> _INPUT_
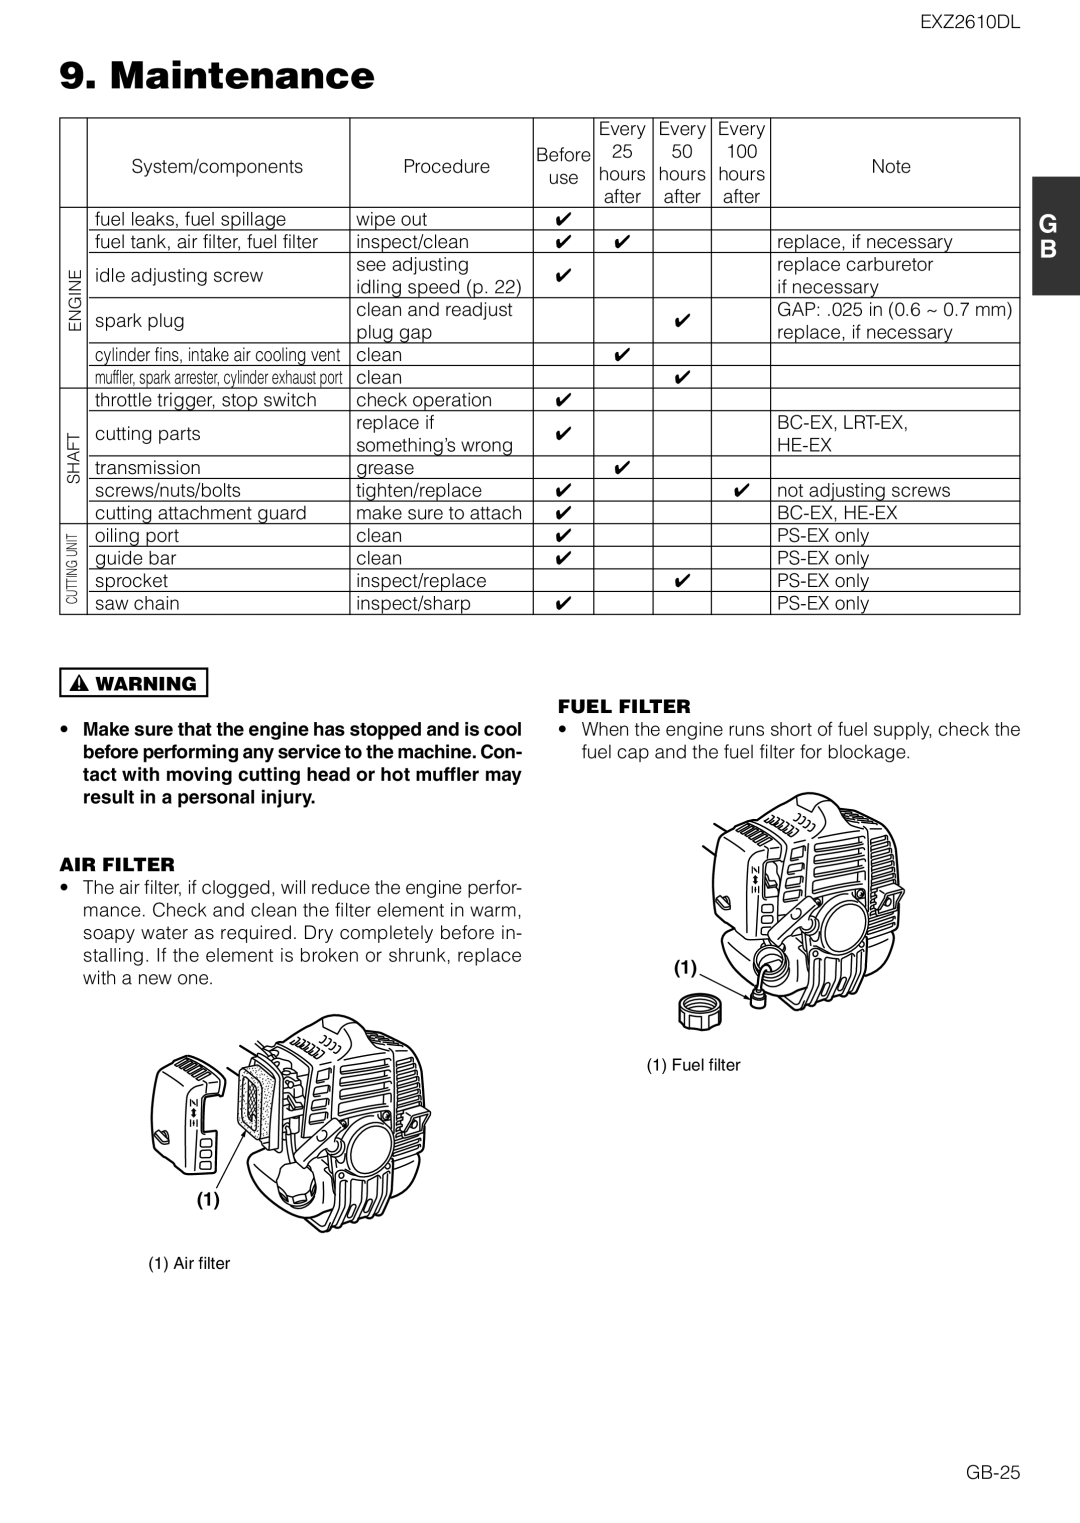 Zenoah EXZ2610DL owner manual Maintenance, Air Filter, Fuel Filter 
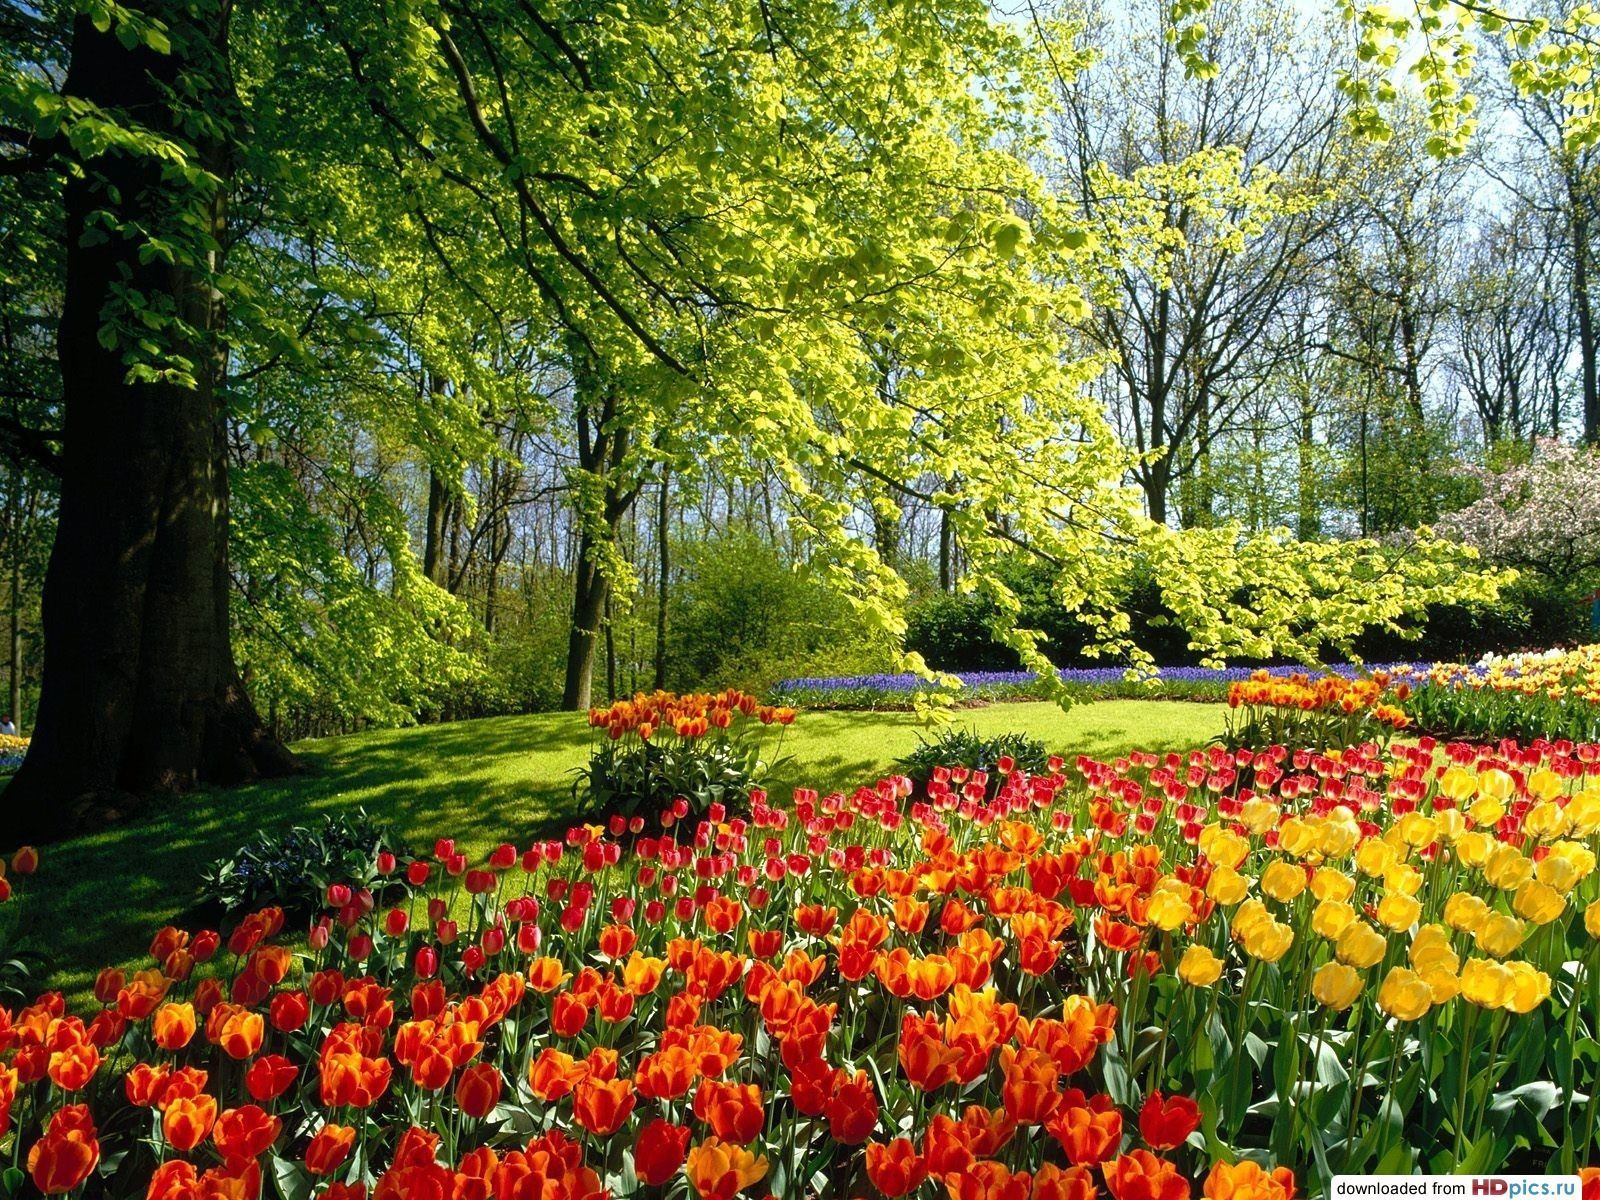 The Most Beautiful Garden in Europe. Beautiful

* * *

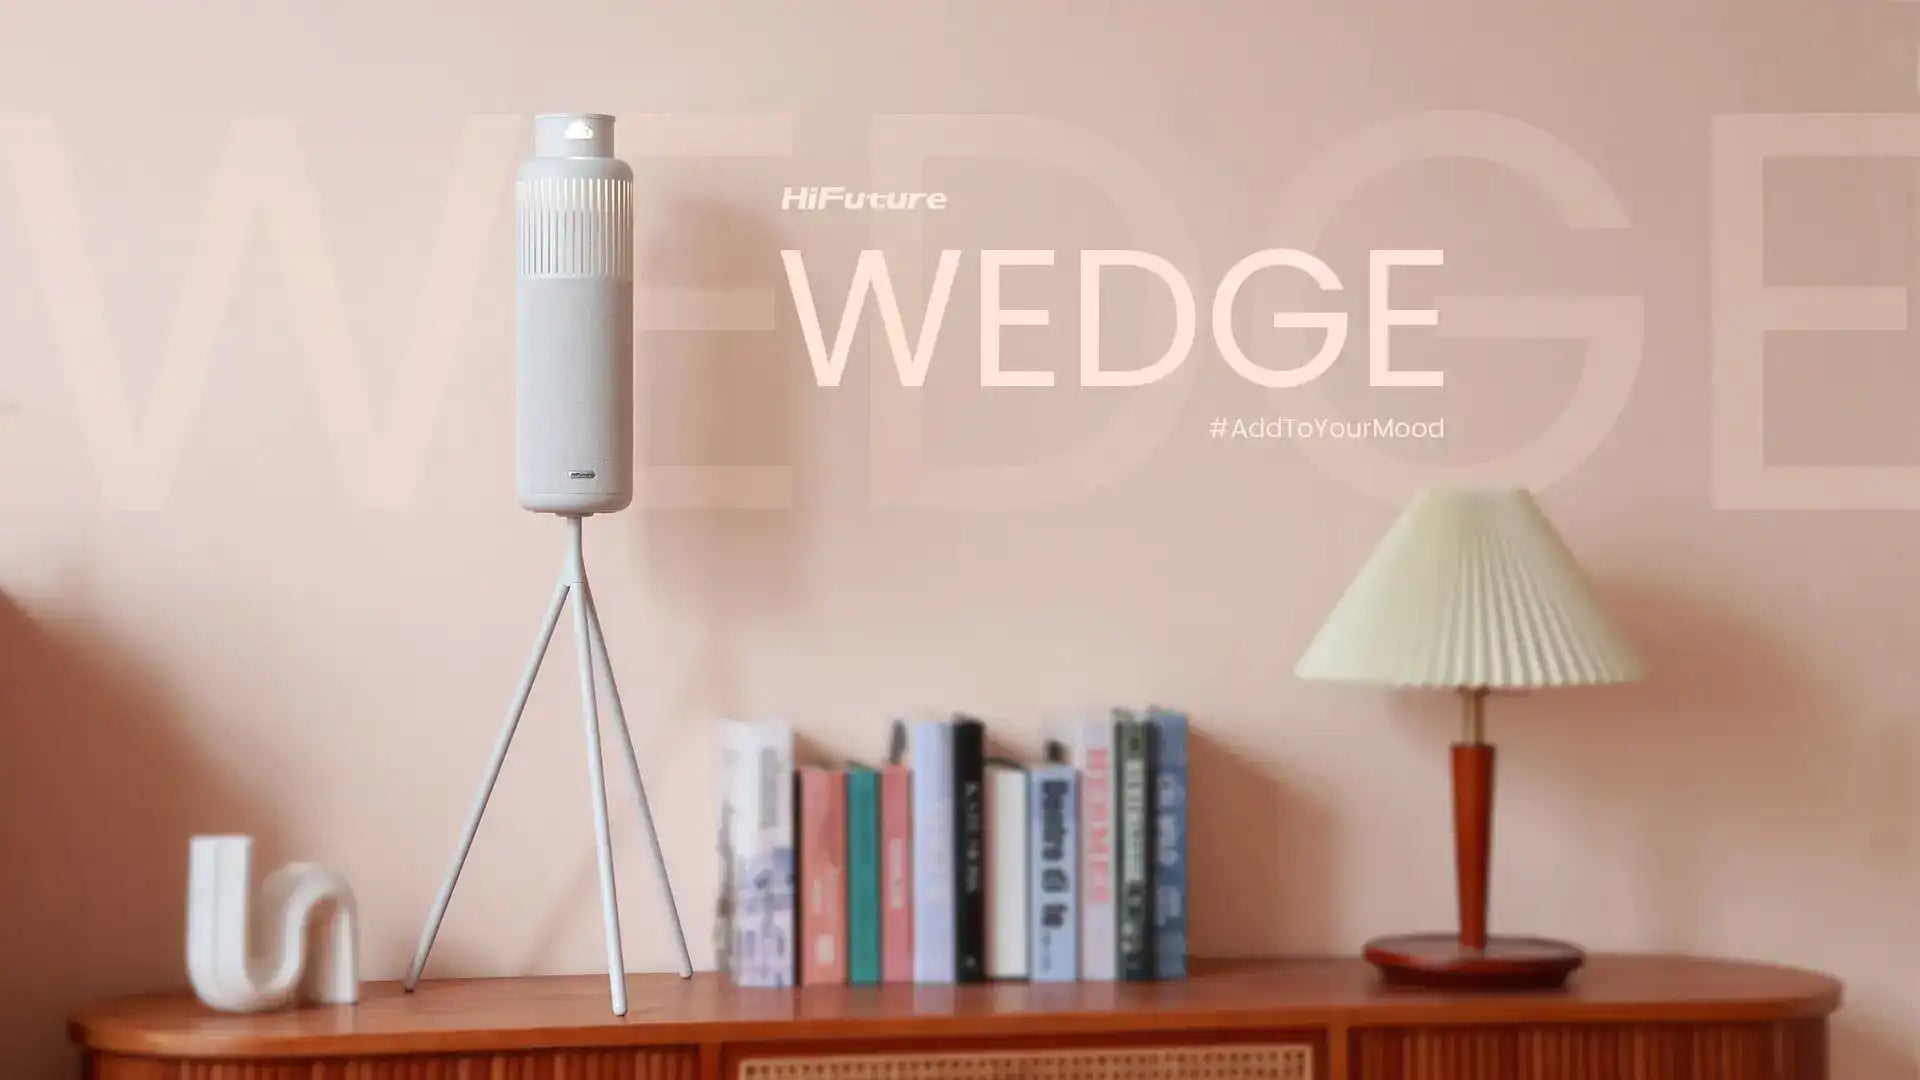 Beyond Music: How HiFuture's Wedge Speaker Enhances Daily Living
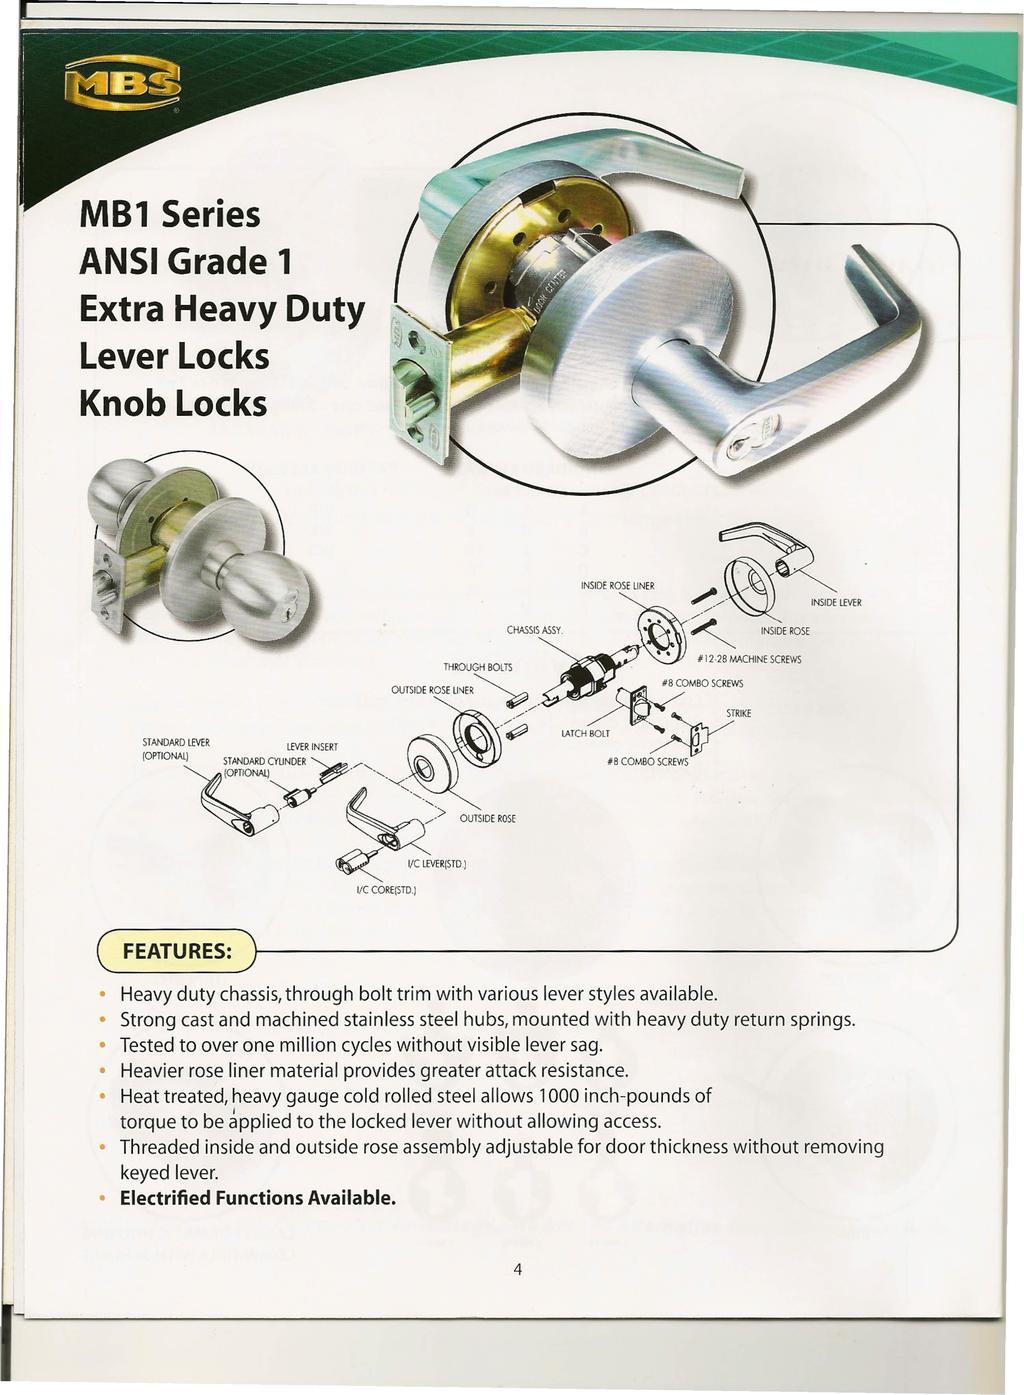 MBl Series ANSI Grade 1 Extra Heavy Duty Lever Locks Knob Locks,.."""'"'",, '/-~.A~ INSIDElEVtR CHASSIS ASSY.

* * *

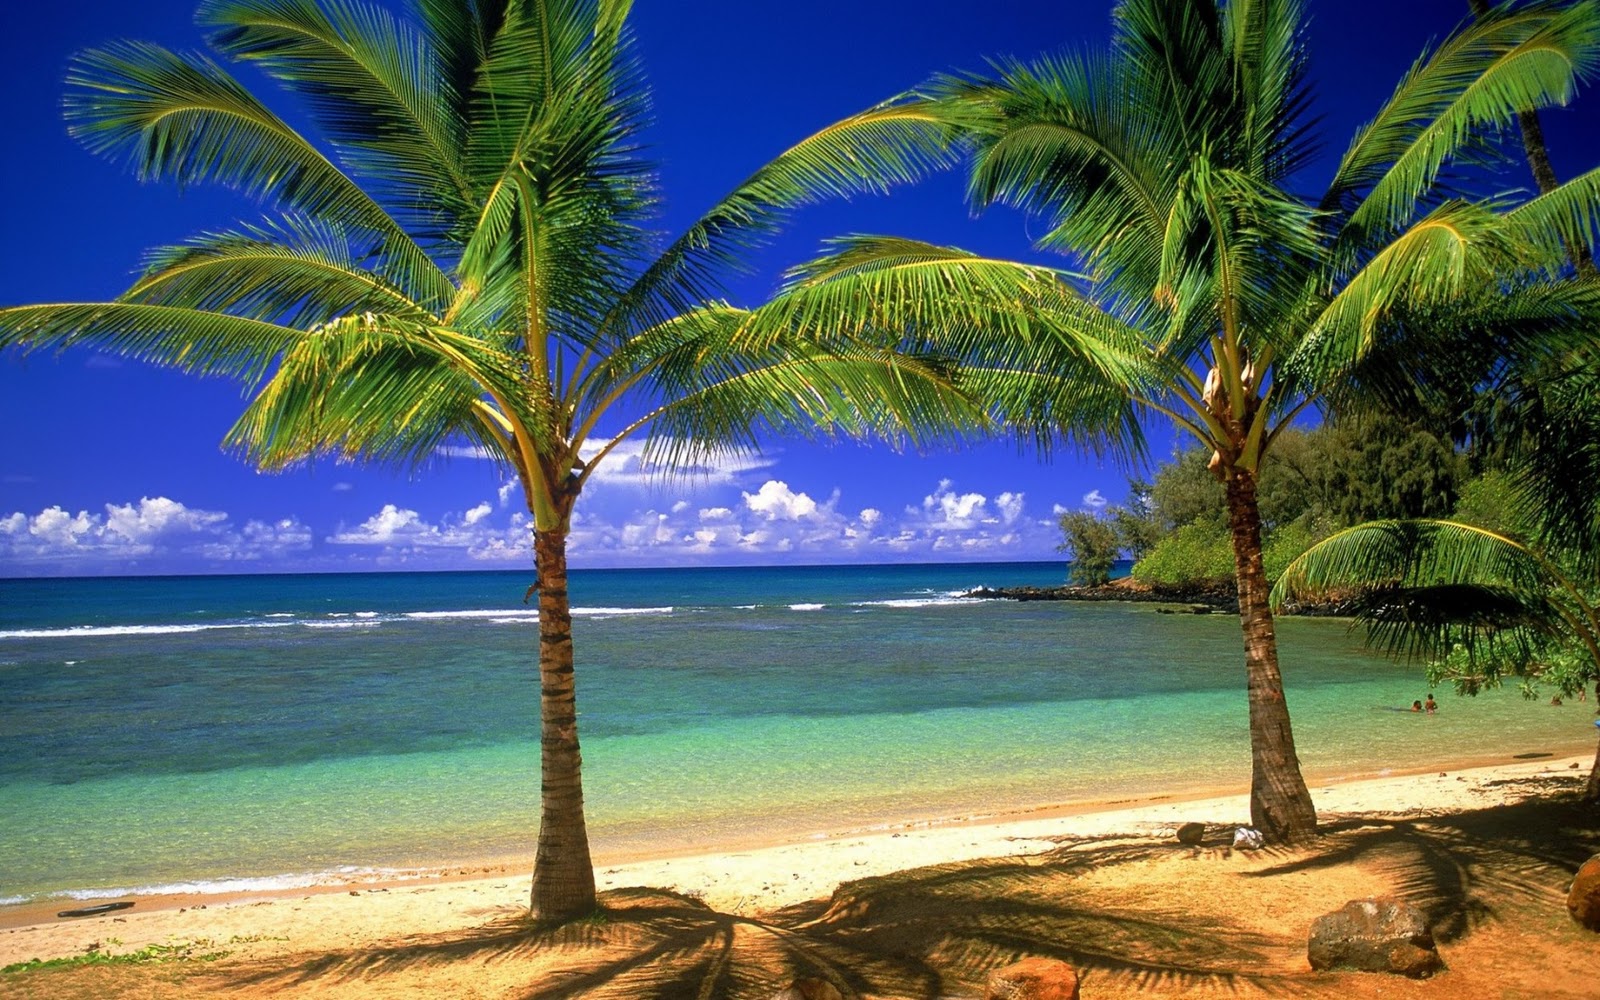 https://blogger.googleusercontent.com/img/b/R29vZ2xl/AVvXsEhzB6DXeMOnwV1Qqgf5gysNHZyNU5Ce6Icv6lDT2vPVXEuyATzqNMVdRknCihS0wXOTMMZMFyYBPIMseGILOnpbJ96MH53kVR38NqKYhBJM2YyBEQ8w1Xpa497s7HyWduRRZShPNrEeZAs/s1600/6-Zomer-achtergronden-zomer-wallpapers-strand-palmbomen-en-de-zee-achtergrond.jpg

> _INSTRUCTIONS FOR THE TASK_
Would you copy the lines above exactly, starting with the one that has "Zenoah EXZ2610DL owner" and ending with the one that has "The Most Beautiful", both included, without the pictures?

> _OUTPUT OF THE TASK_
 Zenoah EXZ2610DL owner manual Maintenance, Air Filter, Fuel Filter 
 The Most Beautiful Garden in Europe. Beautiful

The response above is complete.